What changed
RBI has reviewed the ECB policy for infrastructure sector and now permits Indian infrastructure companies to avail short-term credit (bridge finance) for importing capital goods, under the approval route. The bridge finance must be replaced with a long-term ECB that complies with all extant ECB norms, and prior RBI approval is required for that replacement.
What it means for you
Banks can now facilitate short-term bridge finance for infrastructure clients importing capital goods, but must ensure the bridge loan is eventually replaced by a compliant long-term ECB. Banks cannot provide any guarantees for these transactions and must strictly monitor end-use and verify import documentation.
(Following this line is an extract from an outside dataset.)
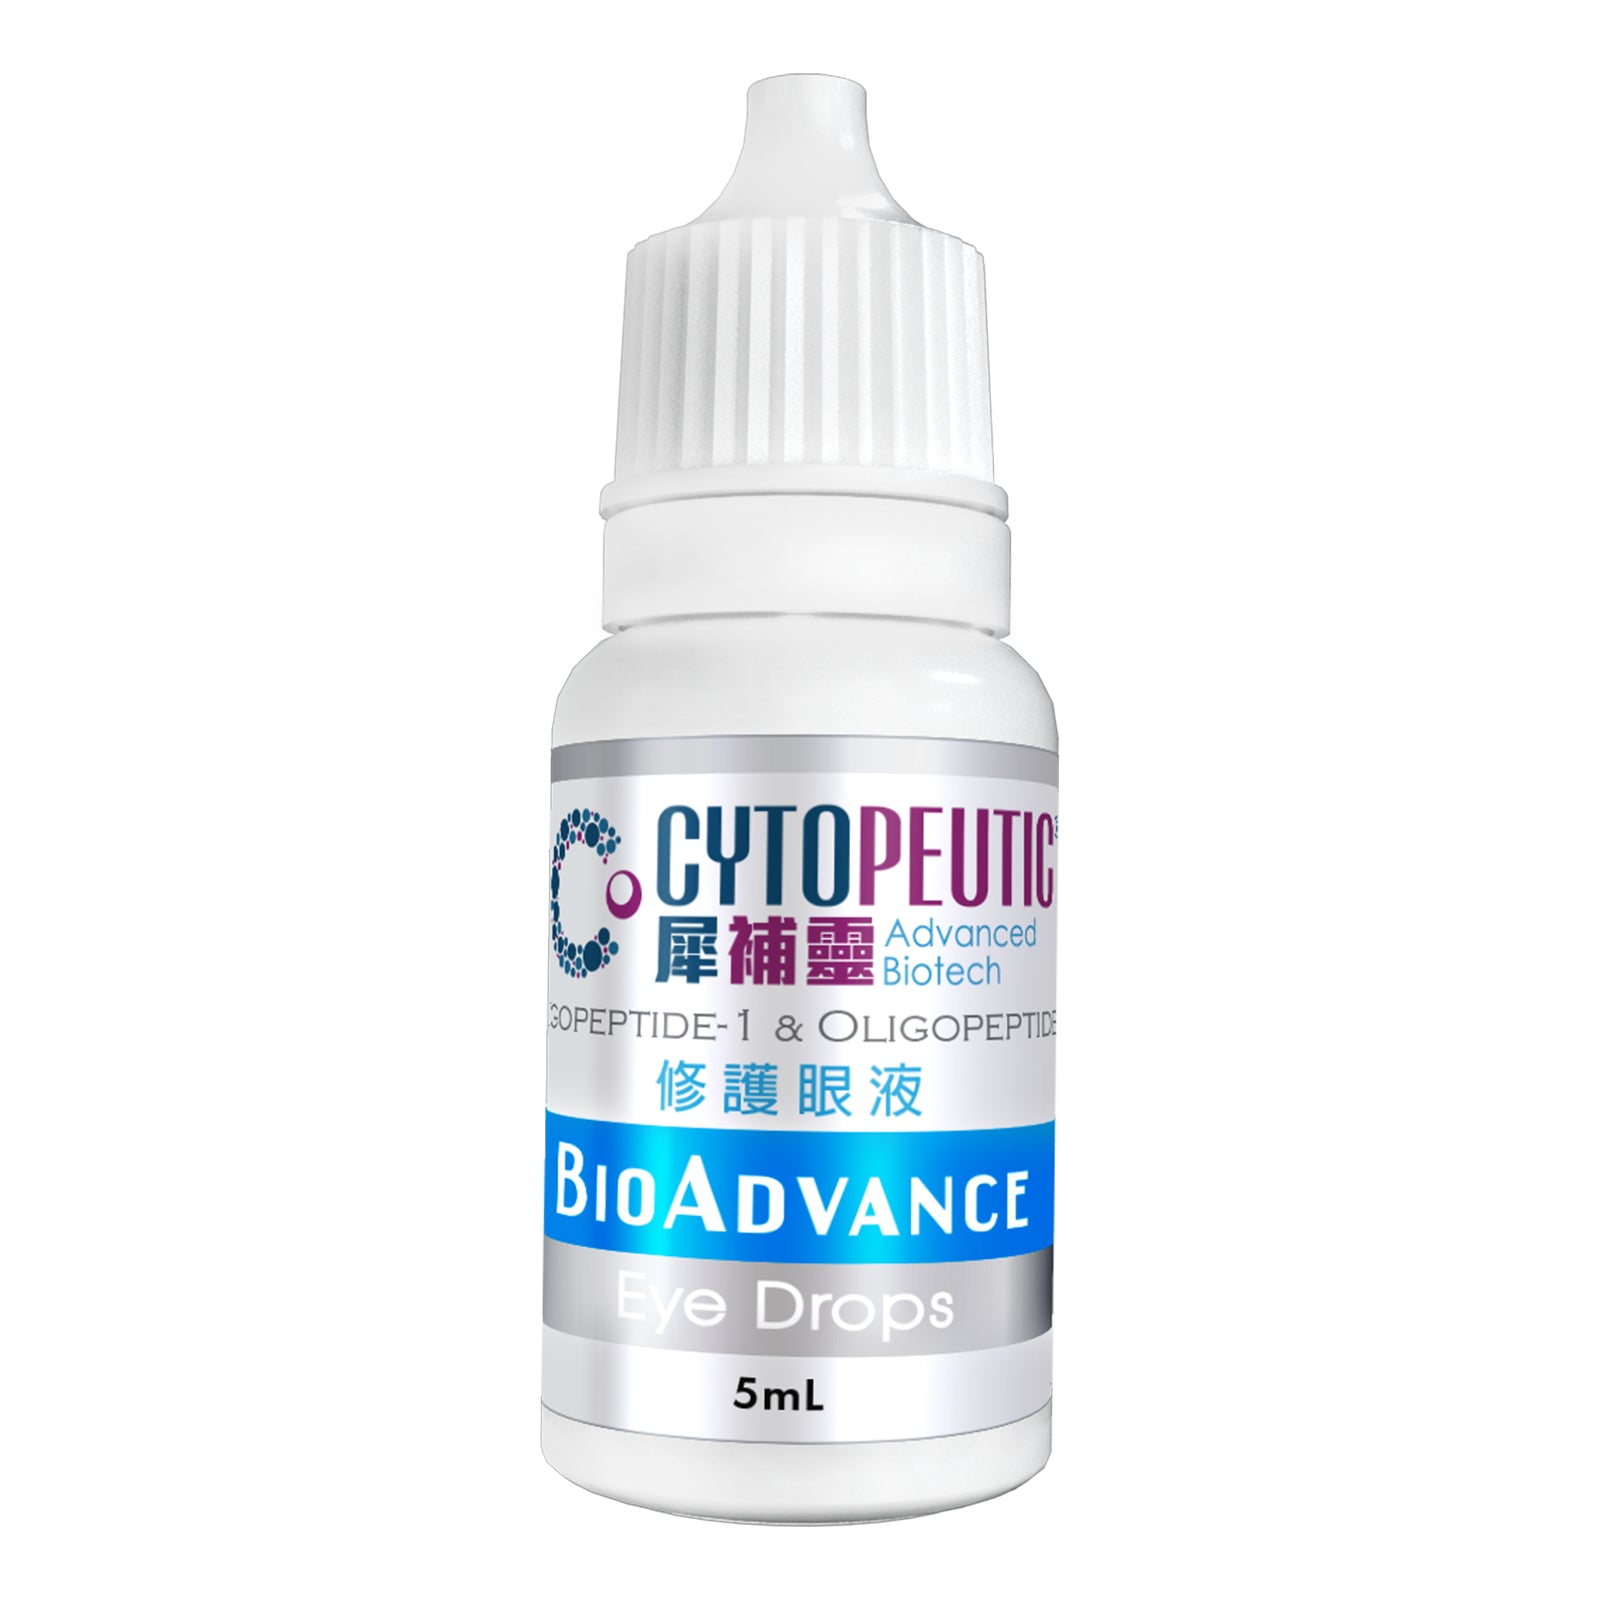 Cytopeutic BioAdvance Eye Drops 修護眼液 5ml
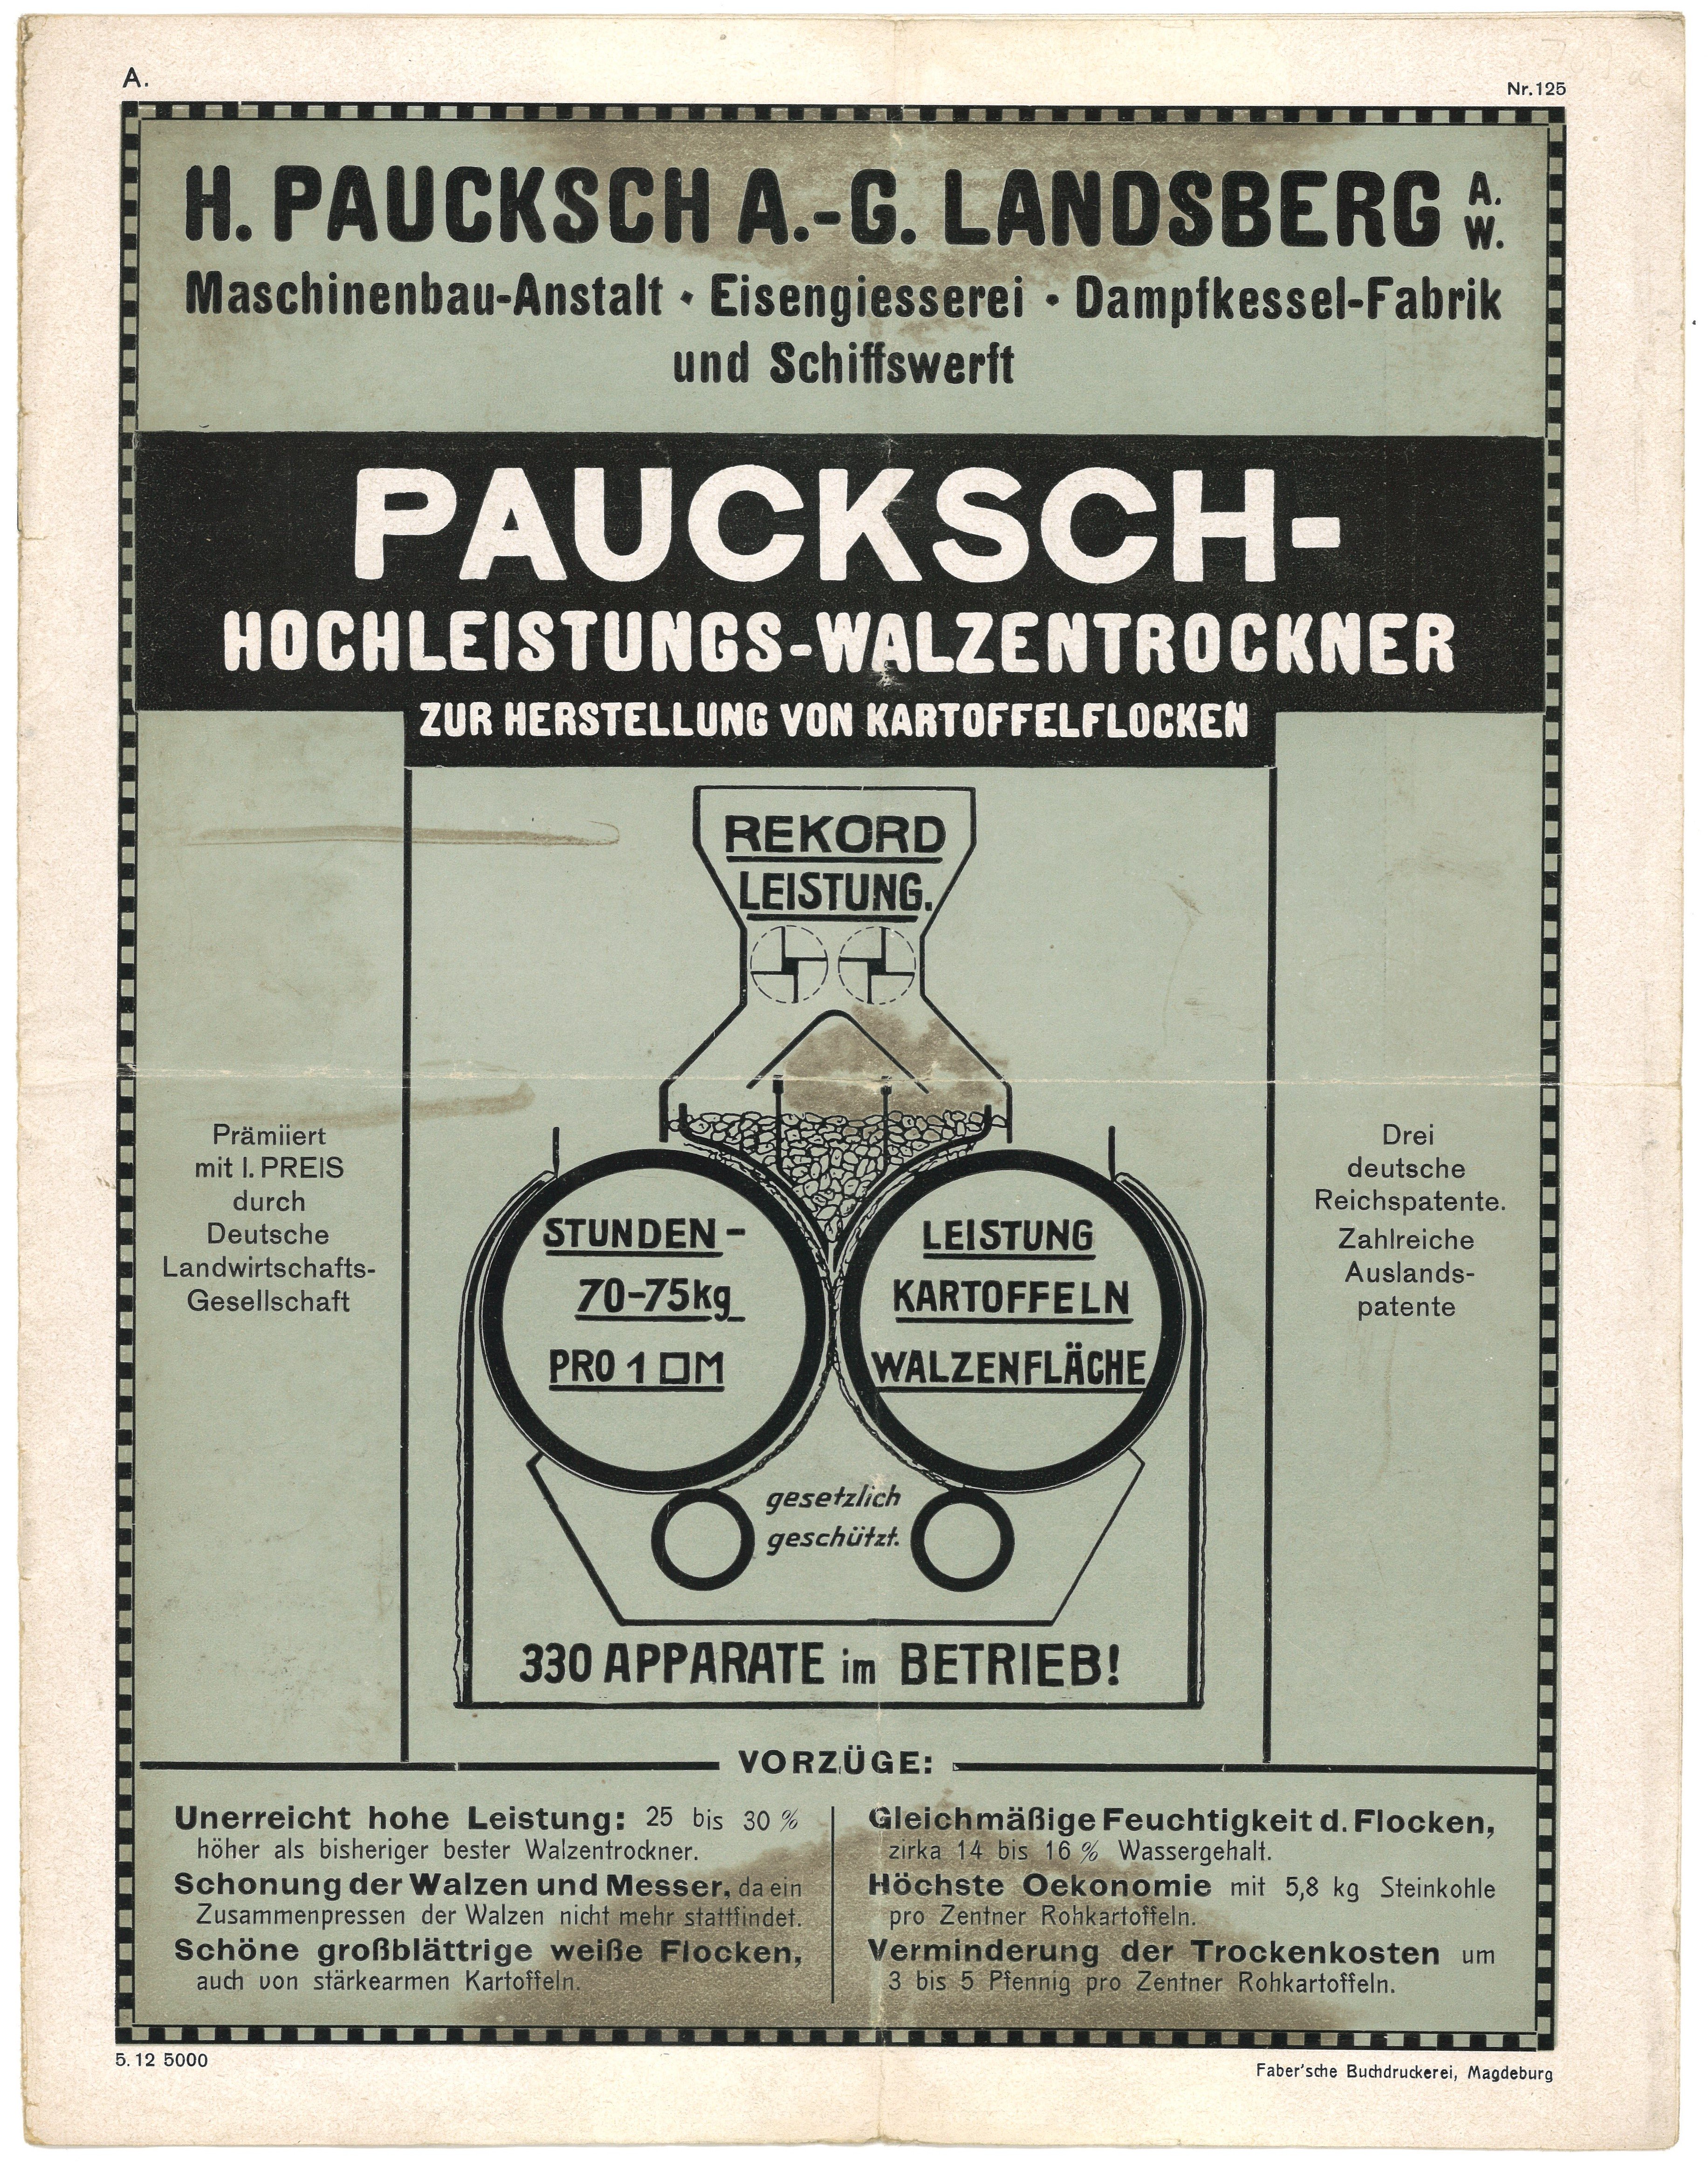 Werbeprospekt der Maschinenfabrik H. Paucksch AG in Landsberg a.W. [Gorzów Wlkp.] für Hochleistungs-Walzentrockner (1912) (Landesgeschichtliche Vereinigung für die Mark Brandenburg e.V., Archiv CC BY)

This gives infrastructure firms more flexibility in funding imports while maintaining ECB discipline.
What you must do
- Advise infrastructure clients that they can avail short-term bridge finance for capital goods imports under approval route, subject to replacement with long-term ECB.
- Ensure prior RBI approval is obtained before replacing bridge finance with long-term ECB.
- Monitor end-use of funds and verify import of capital goods via Bill of Entry; do not provide any guarantees.
- Comply with all other ECB norms (eligible borrower, lender, all-in-cost, average maturity, reporting) unchanged.
Who it affects
Authorised Dealer Category I banks, Infrastructure sector companies importing capital goods, Borrowers and lenders involved in ECB transactions
What is bridge finance in this context?
It is short-term credit (including buyers'/suppliers' credit) availed by infrastructure companies to import capital goods, which must later be replaced by a long-term ECB.
Can banks provide guarantees for such bridge finance?
No, banks in India are not permitted to provide any form of guarantees for these transactions.
What documentation is needed to evidence import?
The designated AD Category I bank must verify the Bill of Entry to evidence the import of capital goods.